PROBLEM REQUIREMENTS: Whatever the records say, repeat them exactly as given.

TASK DATA:

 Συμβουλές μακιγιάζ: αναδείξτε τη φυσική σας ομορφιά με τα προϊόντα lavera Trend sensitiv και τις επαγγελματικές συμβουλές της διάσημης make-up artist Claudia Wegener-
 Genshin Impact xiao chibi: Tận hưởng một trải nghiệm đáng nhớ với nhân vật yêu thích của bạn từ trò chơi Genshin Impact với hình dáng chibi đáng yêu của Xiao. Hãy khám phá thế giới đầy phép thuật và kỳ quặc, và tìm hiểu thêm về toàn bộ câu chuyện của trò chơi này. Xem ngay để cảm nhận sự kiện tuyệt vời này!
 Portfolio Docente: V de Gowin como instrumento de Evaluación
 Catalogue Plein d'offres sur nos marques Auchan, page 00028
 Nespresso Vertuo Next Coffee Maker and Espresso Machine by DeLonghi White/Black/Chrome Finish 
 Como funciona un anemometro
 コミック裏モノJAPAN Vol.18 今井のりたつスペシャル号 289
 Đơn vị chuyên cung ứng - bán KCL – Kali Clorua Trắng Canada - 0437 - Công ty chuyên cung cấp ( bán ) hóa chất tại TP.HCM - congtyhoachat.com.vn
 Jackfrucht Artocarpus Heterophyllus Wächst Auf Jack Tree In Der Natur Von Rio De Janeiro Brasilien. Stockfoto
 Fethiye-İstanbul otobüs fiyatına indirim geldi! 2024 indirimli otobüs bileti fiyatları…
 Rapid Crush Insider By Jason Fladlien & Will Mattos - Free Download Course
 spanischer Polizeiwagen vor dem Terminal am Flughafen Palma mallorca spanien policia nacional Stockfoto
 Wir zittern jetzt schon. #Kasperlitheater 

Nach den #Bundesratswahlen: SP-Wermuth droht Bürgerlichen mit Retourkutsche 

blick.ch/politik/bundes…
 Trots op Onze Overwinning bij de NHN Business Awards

RESPONSE TO THE TASK:
 Συμβουλές μακιγιάζ: αναδείξτε τη φυσική σας ομορφιά με τα προϊόντα lavera Trend sensitiv και τις επαγγελματικές συμβουλές της διάσημης make-up artist Claudia Wegener-
 Genshin Impact xiao chibi: Tận hưởng một trải nghiệm đáng nhớ với nhân vật yêu thích của bạn từ trò chơi Genshin Impact với hình dáng chibi đáng yêu của Xiao. Hãy khám phá thế giới đầy phép thuật và kỳ quặc, và tìm hiểu thêm về toàn bộ câu chuyện của trò chơi này. Xem ngay để cảm nhận sự kiện tuyệt vời này!
 Portfolio Docente: V de Gowin como instrumento de Evaluación
 Catalogue Plein d'offres sur nos marques Auchan, page 00028
 Nespresso Vertuo Next Coffee Maker and Espresso Machine by DeLonghi White/Black/Chrome Finish 
 Como funciona un anemometro
 コミック裏モノJAPAN Vol.18 今井のりたつスペシャル号 289
 Đơn vị chuyên cung ứng - bán KCL – Kali Clorua Trắng Canada - 0437 - Công ty chuyên cung cấp ( bán ) hóa chất tại TP.HCM - congtyhoachat.com.vn
 Jackfrucht Artocarpus Heterophyllus Wächst Auf Jack Tree In Der Natur Von Rio De Janeiro Brasilien. Stockfoto
 Fethiye-İstanbul otobüs fiyatına indirim geldi! 2024 indirimli otobüs bileti fiyatları…
 Rapid Crush Insider By Jason Fladlien & Will Mattos - Free Download Course
 spanischer Polizeiwagen vor dem Terminal am Flughafen Palma mallorca spanien policia nacional Stockfoto
 Wir zittern jetzt schon. #Kasperlitheater 

Nach den #Bundesratswahlen: SP-Wermuth droht Bürgerlichen mit Retourkutsche 

blick.ch/politik/bundes…
 Trots op Onze Overwinning bij de NHN Business Awards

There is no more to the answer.